Fig. FISH 13/21 probe - 3 red signals (chromosome 21) confirm trisomy 21. Robbins Pathologic Basis of Disease.
Maternal Age Effect
| Maternal Age | Risk of Trisomy 21 |
|---|
| Under 20 | ~1 in 1,550 |
| 30 years | Risk begins to rise sharply |
| Over 45 | ~1 in 25 |
The strong maternal age correlation reflects the prolonged arrest of oocytes in meiosis I, making them more susceptible to nondisjunction over time.
Clinical Features
Physical features at birth:
- Hypotonia (often the first sign noticed in the newborn)
- Flat facial profile with oblique palpebral fissures and epicanthic folds
- Brachycephaly with flat occiput
- Short, broad neck with loose skin at the nape
- Short, broad hands - often with a single transverse palmar crease and fifth finger clinodactyly (incurved fifth digit)
- Short stature
Intellectual disability:
- Most common major concern; ranges from mild to moderate
- Development delay typically becomes obvious by end of the first year
- Many individuals with Down syndrome attend school and develop into interactive, semi-independent persons
Congenital heart disease (~40-50%):
- Atrioventricular septal defects (43% of cardiac cases)
- Ventricular septal defects (32%)
- Atrial septal defects (19%)
- Tetralogy of Fallot (6%)
- Cardiac disease accounts for most deaths in infancy and early childhood
GI malformations: Duodenal atresia, tracheoesophageal fistula, esophageal atresia - significantly more common than in other disorders
Leukemia risk:
- 20-fold increased risk for precursor B-cell acute lymphoblastic leukemia (ALL)
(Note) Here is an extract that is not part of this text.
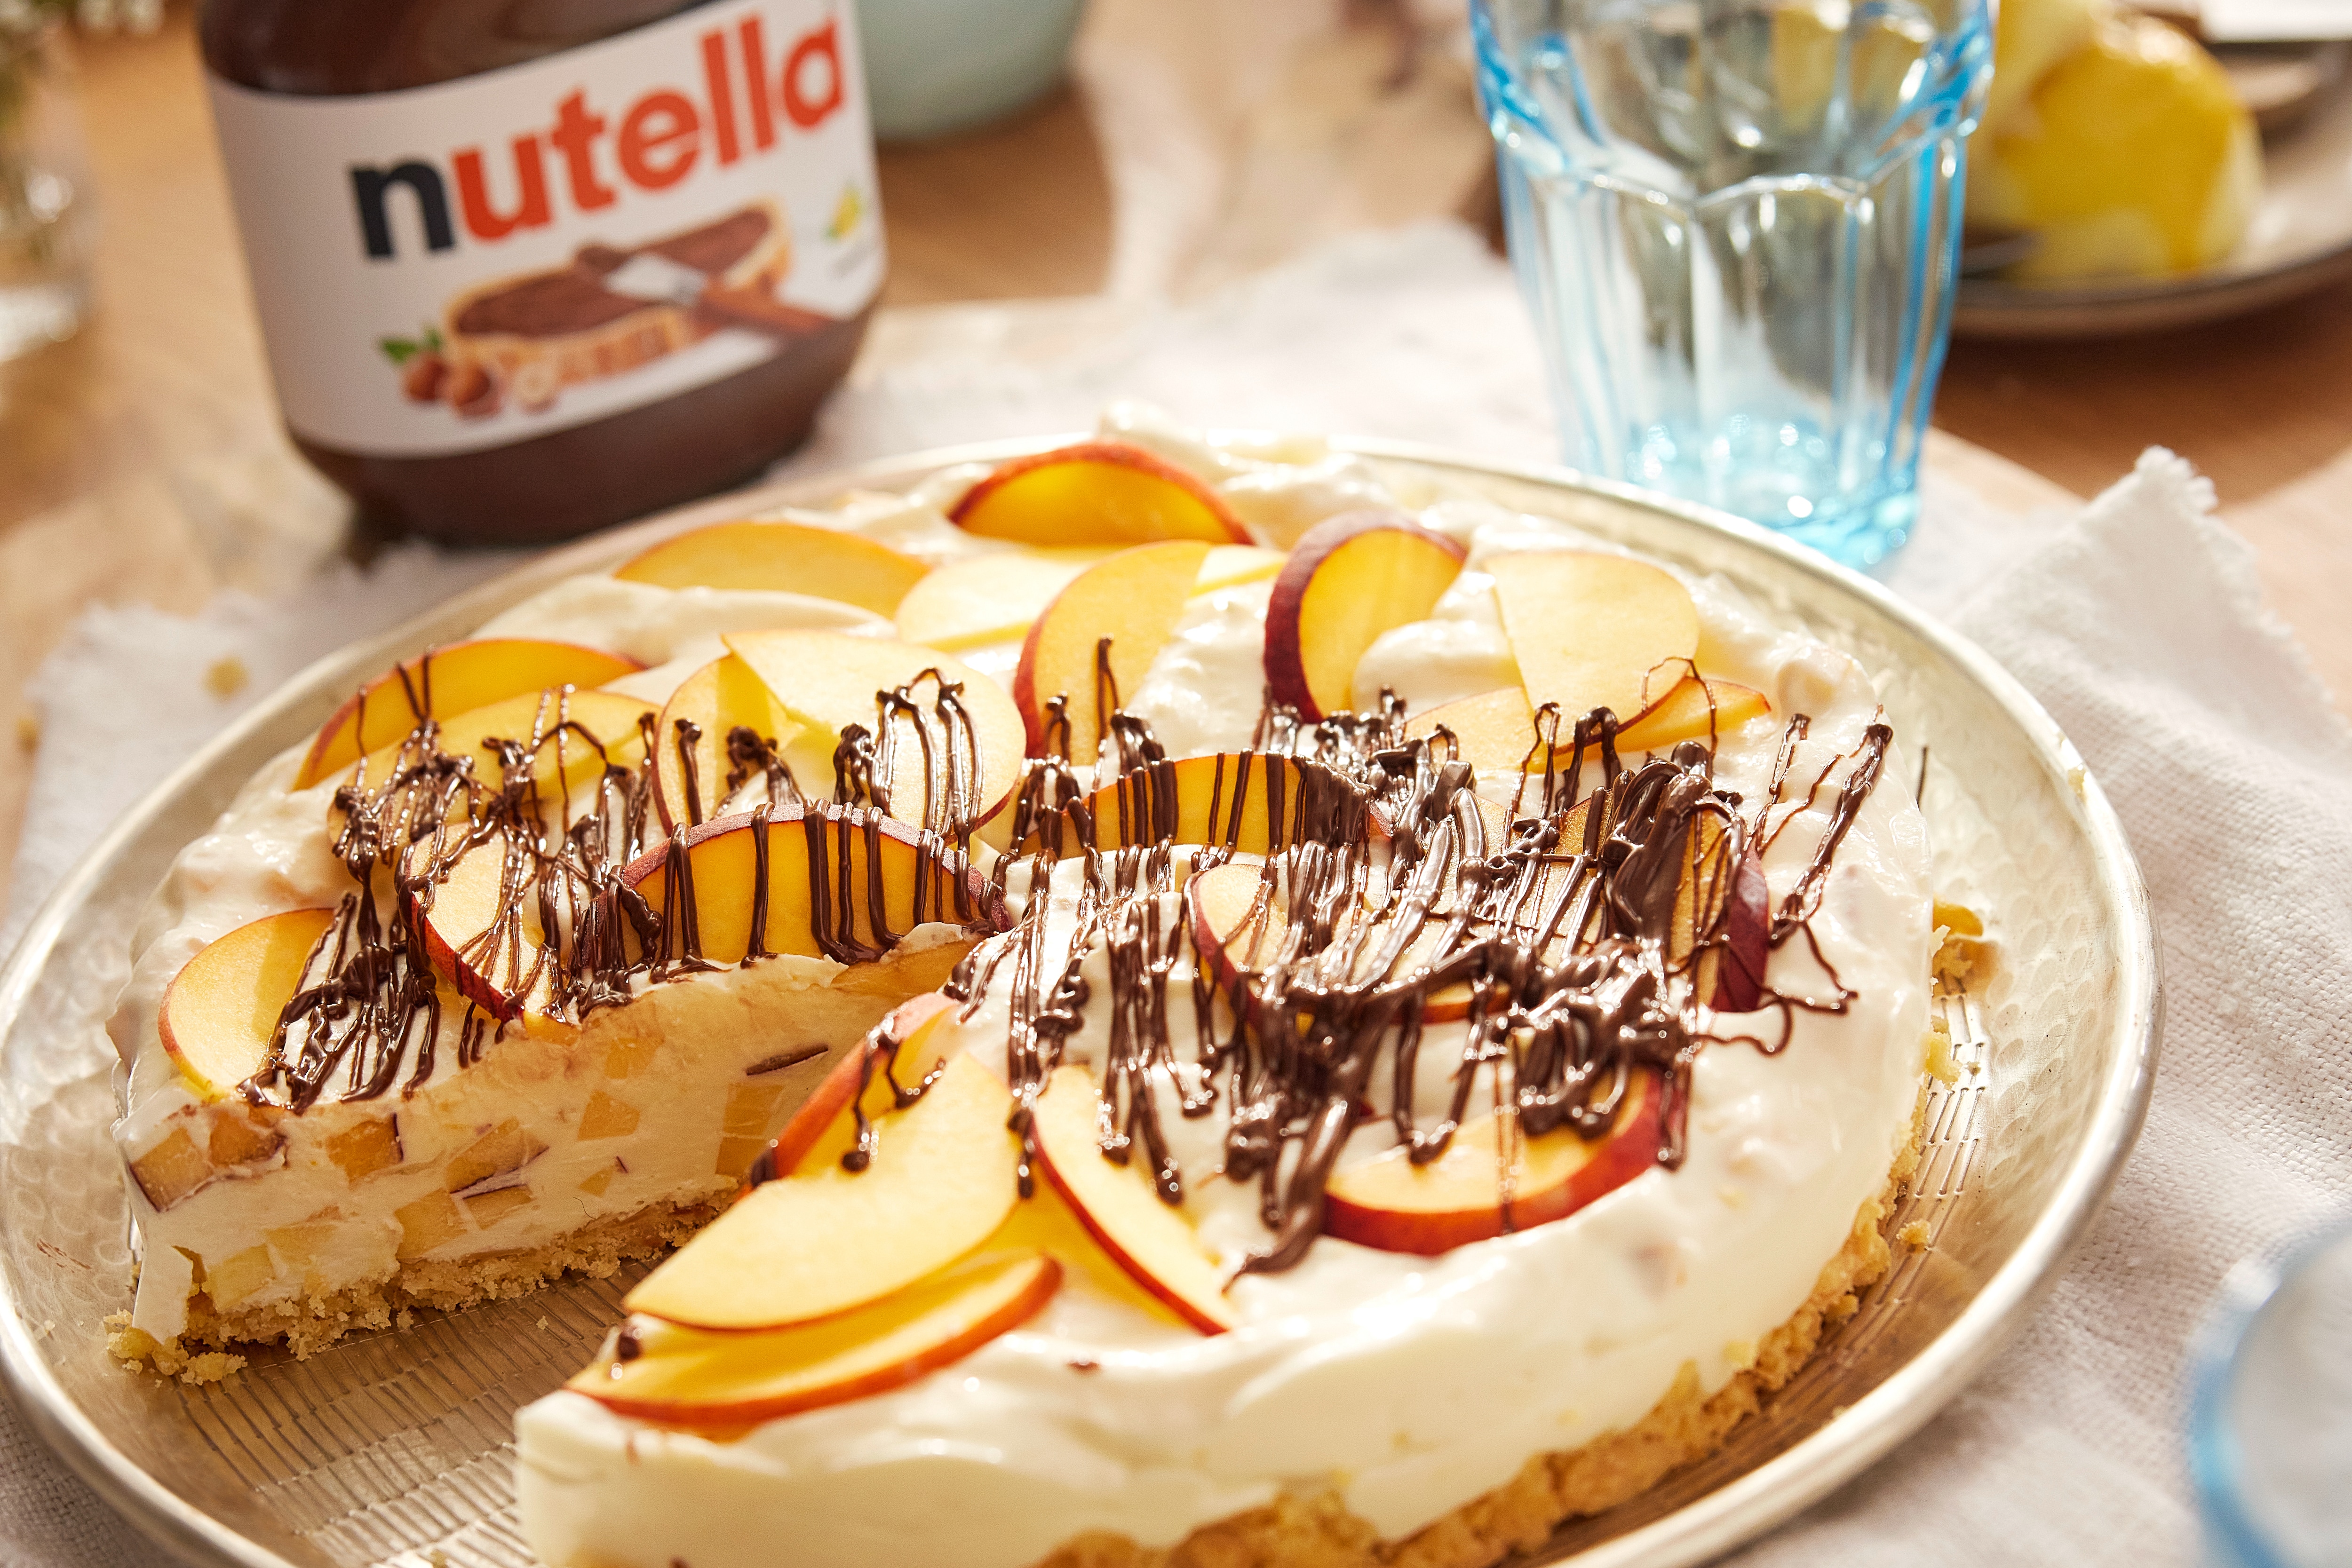 Pfirsich-Buttermilch-Torte mit nutella®

- 500-fold increased risk for acute myeloid leukemia (AML)
- Overall ~15-fold increased leukemia risk compared to general population
Alzheimer disease: Virtually all patients older than 40 develop neuropathologic changes of Alzheimer disease (cortical atrophy, ventricular dilatation, neurofibrillary tangles). This is attributed to overexpression of the amyloid precursor protein (APP) gene on chromosome 21. Onset is several decades earlier than in the general population.
Immune dysfunction:
- Mainly T-cell function abnormalities
- Increased susceptibility to serious infections (especially pulmonary)
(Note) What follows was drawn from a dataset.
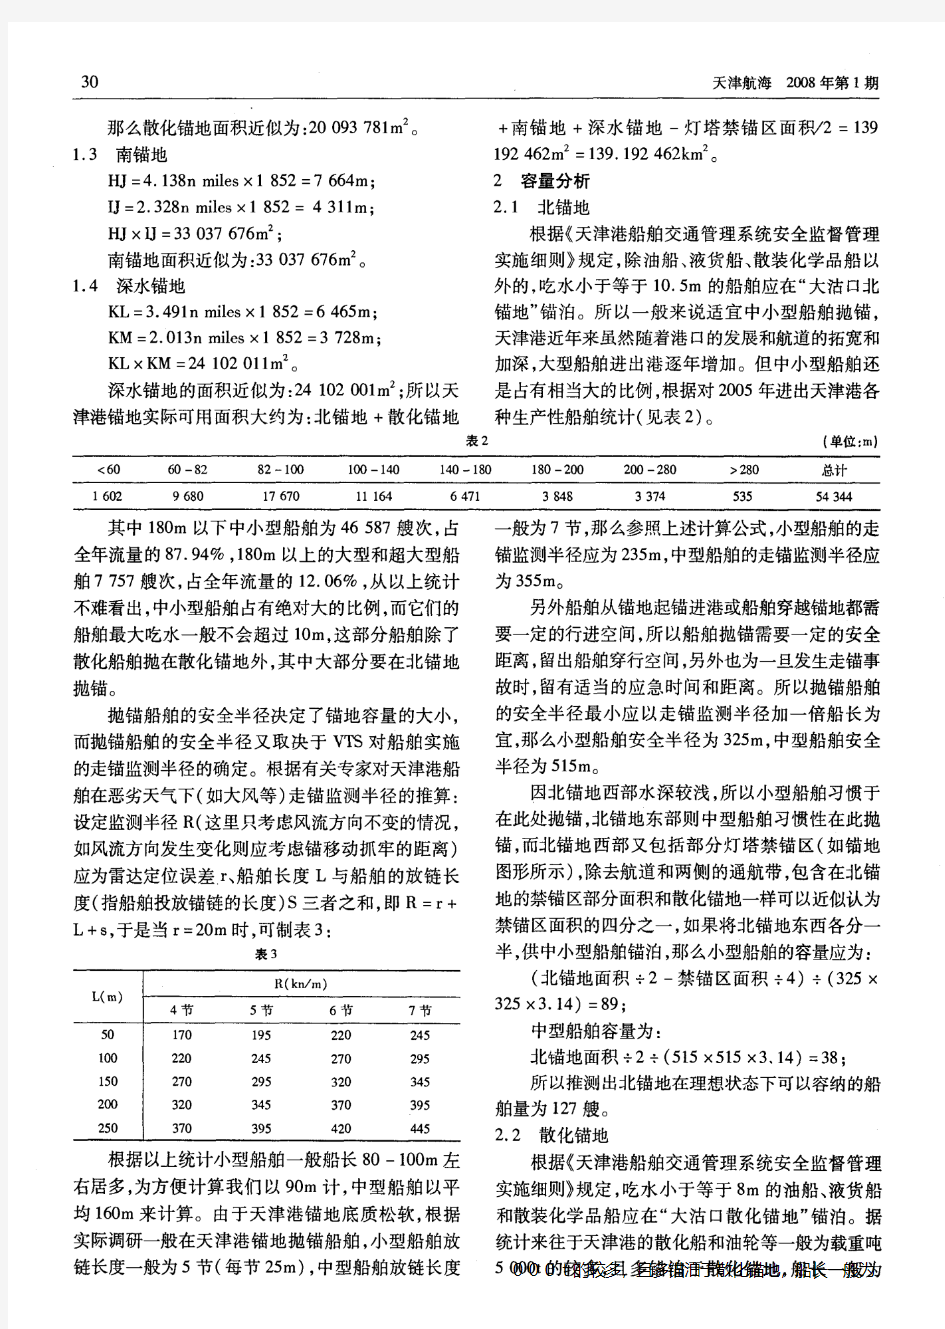 天津港锚地船舶容量分析

- Predisposition to thyroid autoimmunity
Molecular / Pathogenetic Basis
The phenotype results from gene dosage effects across multiple loci on chromosome 21 - not a single gene mutation. Key mechanisms include:
- APP overexpression - drives early-onset Alzheimer disease (amyloid-beta aggregation)
- Mitochondrial dysfunction - ~10% of overexpressed genes regulate mitochondrial function; broken/swollen cristae are observed, with reactive oxygen species generation and apoptosis activation
- lncRNAs - chromosome 21 has the highest density of long non-coding RNAs; their contributions to the phenotype are still being studied
Prenatal Screening & Diagnosis
Non-invasive prenatal testing (NIPT): ~5-10% of cell-free DNA in maternal blood is fetal. Next-generation sequencing can determine gene dosage of chromosome 21 with high precision - a powerful non-invasive screen for trisomy 21 and other trisomies. Positive screens require confirmation by karyotyping.
Invasive confirmation:
- Chorionic villus sampling (CVS) - first trimester
- Amniocentesis - second trimester
Serum markers (second trimester "quadruple test"): AFP, hCG, unconjugated estriol, and inhibin A
Ultrasound markers: Nuchal translucency (first trimester), "double-bubble sign" (duodenal atresia), short femur, echogenic bowel
Recurrence Risk
| Karyotype | Recurrence Risk |
|---|
| Standard trisomy 21 | Low (~1% above baseline age-related risk) |
| Translocation (carrier mother) | ~10-15% risk per pregnancy |
| Translocation (carrier father) | ~2-5% risk per pregnancy |
| Mosaic parent | Variable |
Prognosis & Lifespan
Improved medical care has dramatically extended life expectancy. The median age at death is now 47 years (up from 25 years in 1983). Major causes of morbidity and mortality include congenital heart disease (early life), recurrent infections, leukemia, and Alzheimer disease (later life).